O título da última obra da coreógrafa brasileira Lia Rodrigues, “Pindorama” (2013) refere-se, segundo a própria, ao nome dado às terras brasileiras antes da chegada dos portugueses a Terras de Vera Cruz. Nada mais apelativo (e comercial) para terminar uma trilogia iniciada com “Pororoca” (2009), que designa uma onda imensa nascida do encontro do oceano com um rio e de “Piracema” (2010), uma contra-corrente, na língua tupi.
Após três obras com a água por inspiração a conhecida criadora que, em França, trabalhou na companhia da franco-espanhola Maguy Marin, já veio dar a entender que, afinal, a coisa pode render um pouco mais e partir, de seguida, para um quarteto.
Esta é, sem grandes dúvidas, a peça menos ortodoxa de todas as de Lia que o público português teve oportunidade de assistir na Culturgest. Desde logo porque é uma espécie de “instalação viva”, concebida para um espaço vazio e não teatral, para não bailarinos – no sentido estrito do termo – sem roupa e desenrola-se, literalmente, no meio do público. Integrada no Festival Alcântara, “Pindorama” desenvolve-se em três partes, primeiro dentro de um rectângulo cercado pelos espectadores e, depois, entre as pessoas que são obrigadas pelos performers a espalharem-se pelo espaço livre da “sala”. O trabalho apresentado em cima do palco (fechado) do Grande Auditório teve três apresentações, todas esgotadas, até porque em cada sessão nem foi permita a entrada a duas centenas de pessoas!
É fácil de ver que os títulos das obras – que começam todos com a mesma letra – funcionam como uma espécie de metáfora para uma artista que após dirigir um festival de sucesso no Rio de Janeiro transferiu o seu trabalho para um “galpão” numa favela mas recebe o apoio da poderosa Petrobras e do Ministério da Cultura do Brasil. De qualquer modo as suas propostas exibem uma enorme frugalidade de meios compensada pelas belas imagens que evocam.
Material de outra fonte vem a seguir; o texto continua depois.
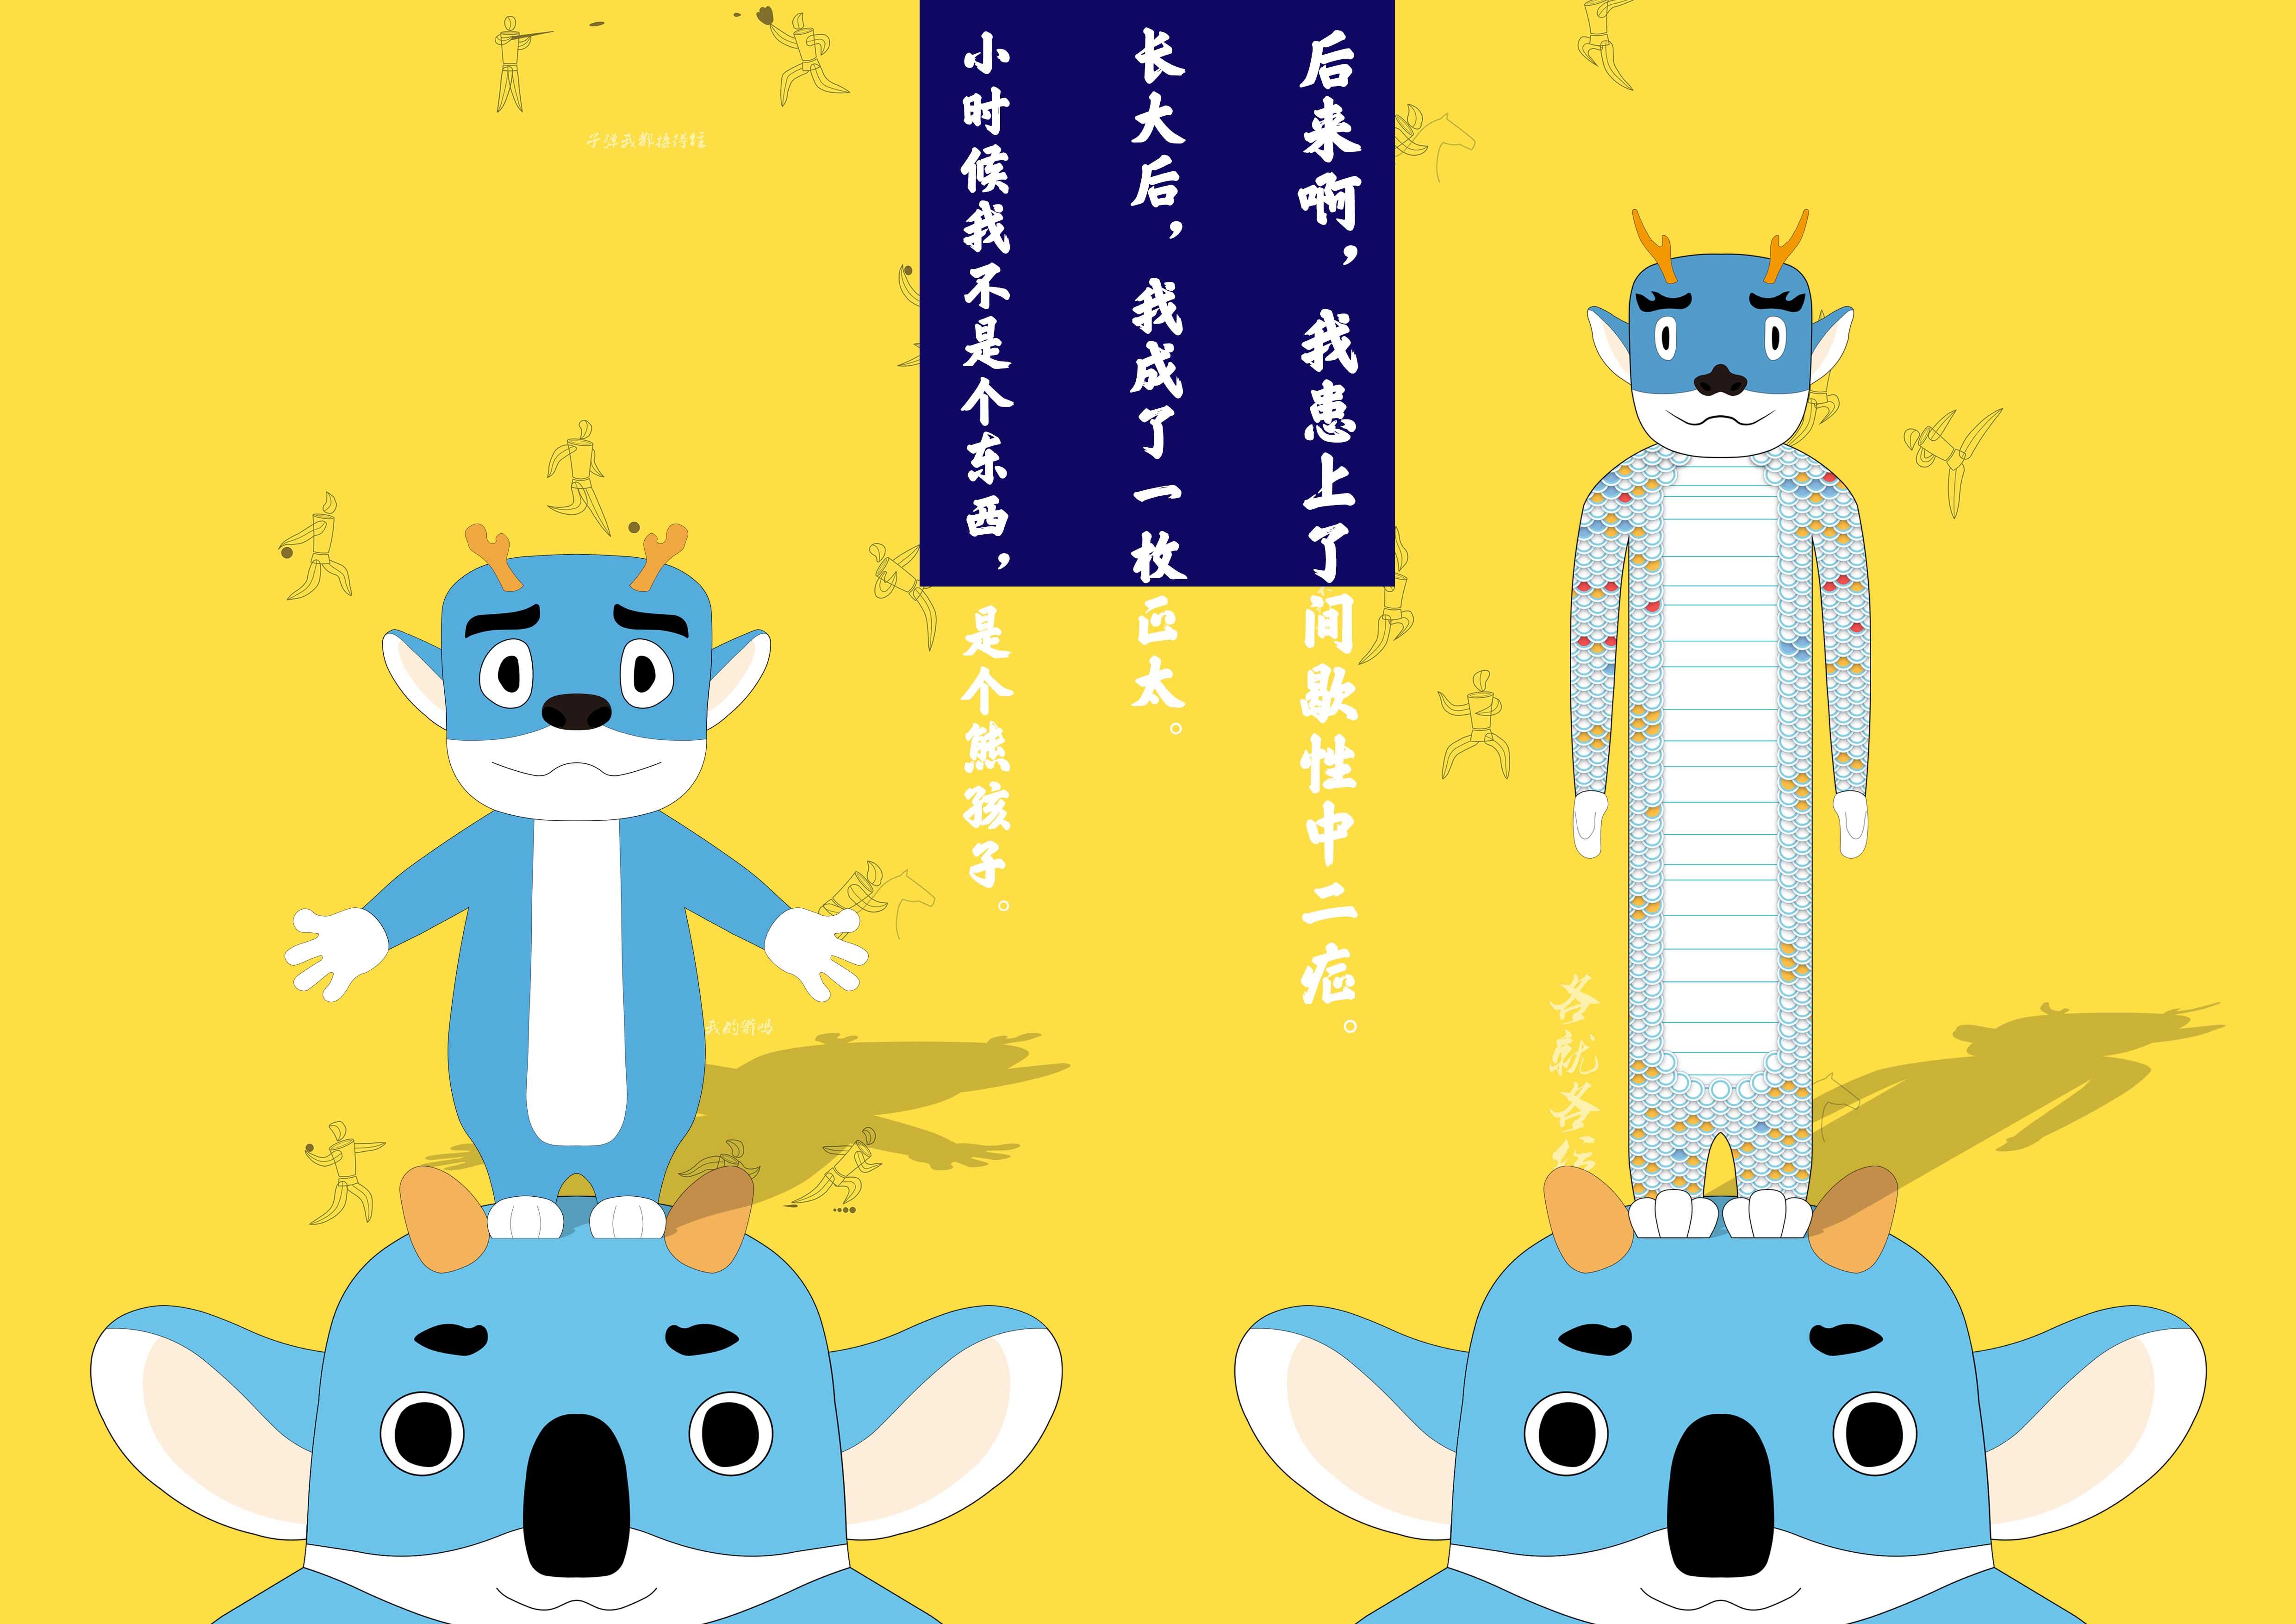 2022北京冬奥会吉祥物设计a图片

O espectáculo não tem qualquer banda sonora e acontece todo na penumbra começando com Amália Lima que depois de despejar uma garrafa de água por cima de si se deita em cima de um imenso rectângulo de plástico que ocupa o centro do espaço. As suas extremidades são manipuladas por alguns colegas que o vão agitando e obrigam alguns preservativos cheios de água a romperem-se e a jovem molhada a movimentar-se freneticamente, como se tivesse sido apanhada por um remoinho de águas bravas. O resultado é bastante expressivo, num crescendo em que o som do material plástico é ampliado por gritos dos que, parados, furiosamente ondulam a falsa “água” em que Amália parece lutar desesperadamente para se salvar de um afogamento. Na segunda parte, já são cinco os inusitados “náufragos” – dois homens e três mulheres – que se confgundem com as ondas plásticas que ficam maiores. Elas são criadas por oito mãos de cada lado que abrem e fecham o plástico sobre os corpos deslocando-se os que o seguram até ao centro e recuando ciclicamente. A expressividade daqueles corpos que lutam contra a corrente e as (aparentes) forças adversas da natureza é enorme e, apesar de nada de muito novo acontecer, o público fica algum tempo em suspenso. Depois da tempestade vem a bonança e um grupo de onze artistas entra transportando baldes de plástico trasnparente com centenas de bolas de água (preservativos atados) que vão espalhando pelo palco. Os domínios de todos os intervenientes vão, a pouco e pouco, se confundindo e ninguém permanece sentado pois a fragilidade dos limites da água torna-se ameaçadora. O que acontece até ao final da peça é, por demais, previsível com os performers espalhados pelo solo esmagando com os seus corpos contorcidos a maioria das bolhas de água. E assim transformando os espectadores em ilhas móveis numa espécie de charco onde se instada uma certa confusão. Ao perder o seu território e a secura do palco, o público curioso e confuso segue os performers que se deslocam lentamente numa amálgama de corpos rastejantes sem regras nem destino. A obra, que vai, de parte para parte, perdendo o interesse inicial mantém, todavia, uma certa aura de mistério até ao fim.
Estranhamente, “Pindorama”, que encerra alguns aspectos ritualísticos, trouxe à memória uma obra criada dez anos antes e que, apesar de não ter trazido com ela um pingo de água para cena, repercutia no olhar da assistência como as monumentais e avassaladoras cataratas do rio Iguaçu. O seu título era simplesmente “Água” e foi assinada, no Brasil, pela gloriosa Pina Bausch.